What is expected ▸
From top to bottom, write out the listing exactly and skip every picture.

Information shown ▸
---+---

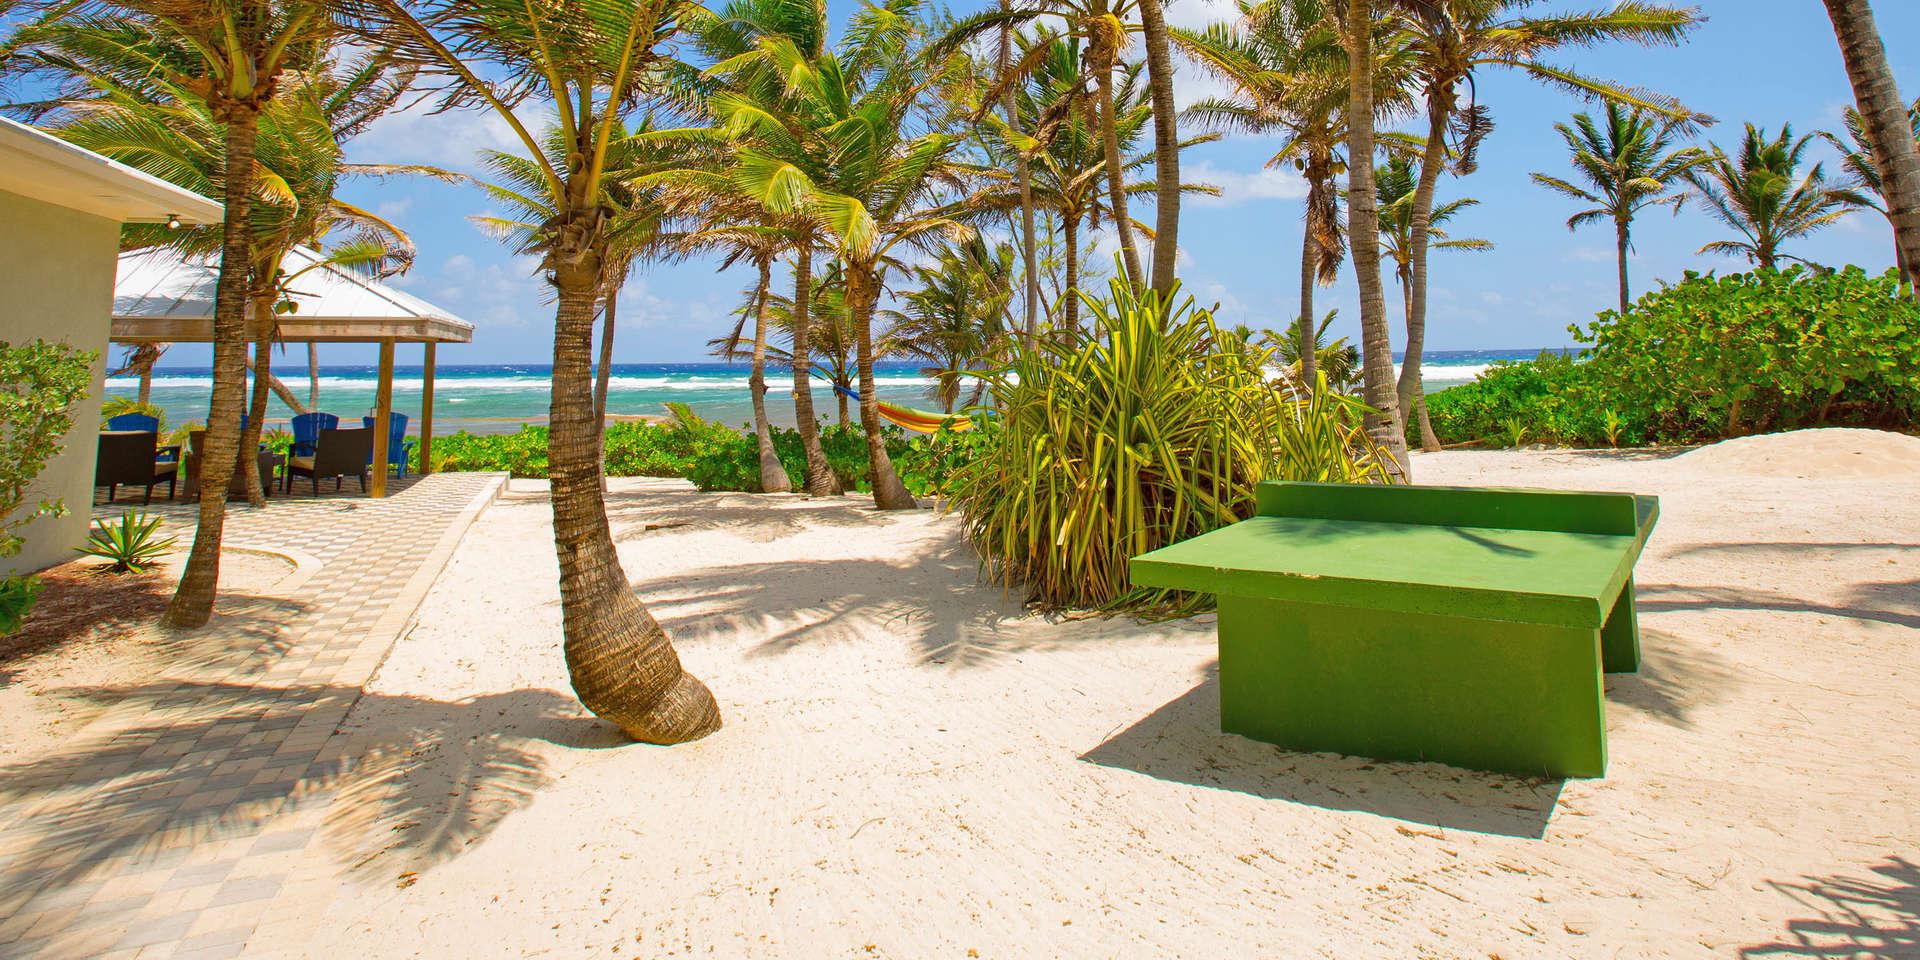 Luxury Villa Als Caribbean Cayman Islands Grand Rum Point Coconut Beach
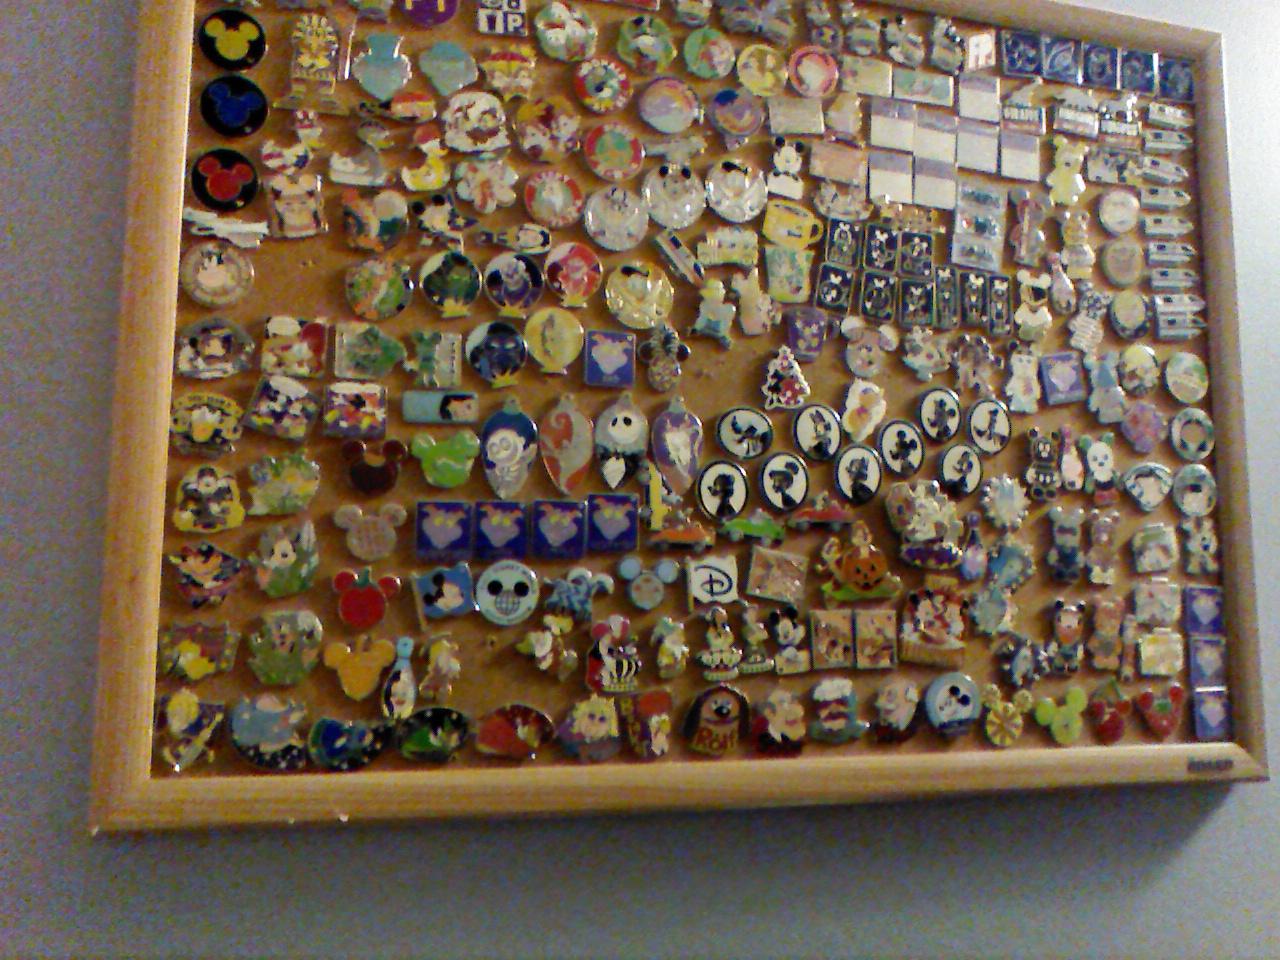 The Disney Pin Collector
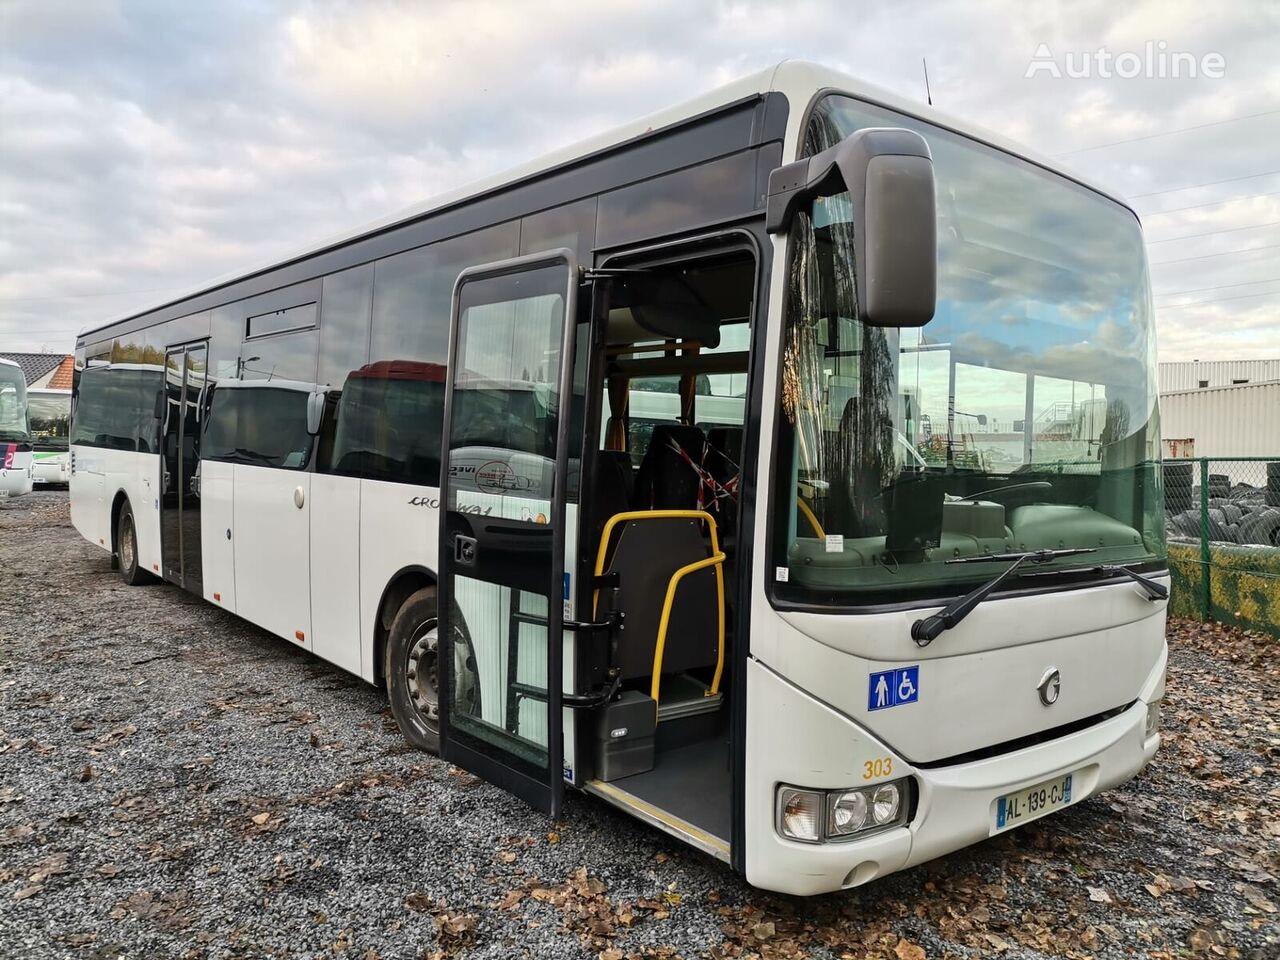 IRISBUS Crossway LE city bus
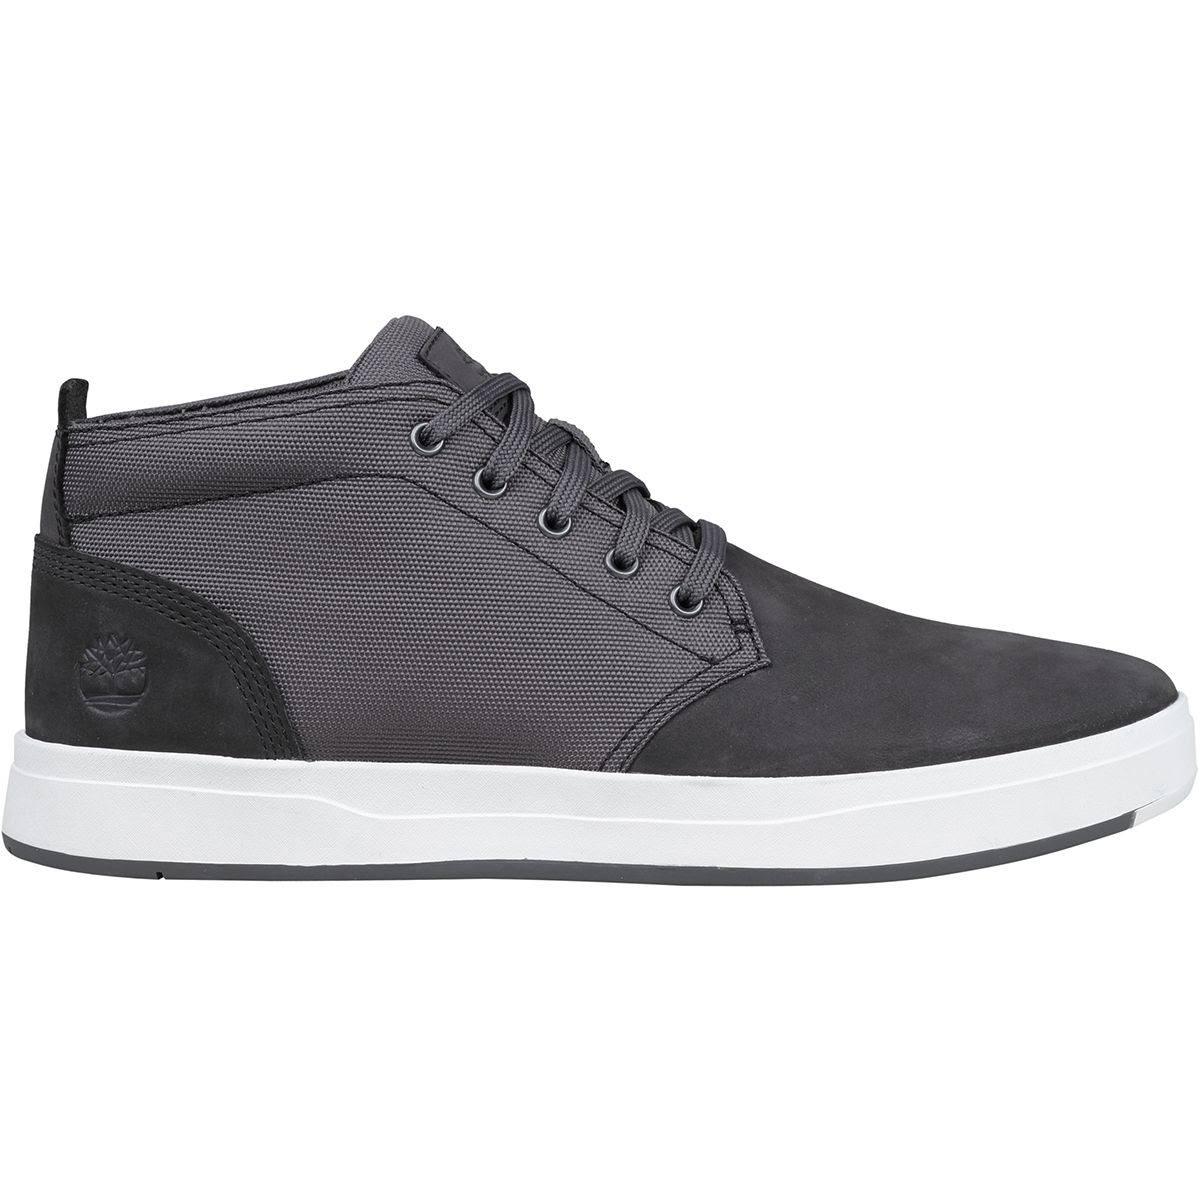 Davis 12 Gris Hombres Square para Oscuro Tb0a1t1hc64 Shoes Chukka Timberland z7dwOqgz

---+---

Response ▸
 Luxury Villa Als Caribbean Cayman Islands Grand Rum Point Coconut Beach
 The Disney Pin Collector
 IRISBUS Crossway LE city bus
 Davis 12 Gris Hombres Square para Oscuro Tb0a1t1hc64 Shoes Chukka Timberland z7dwOqgz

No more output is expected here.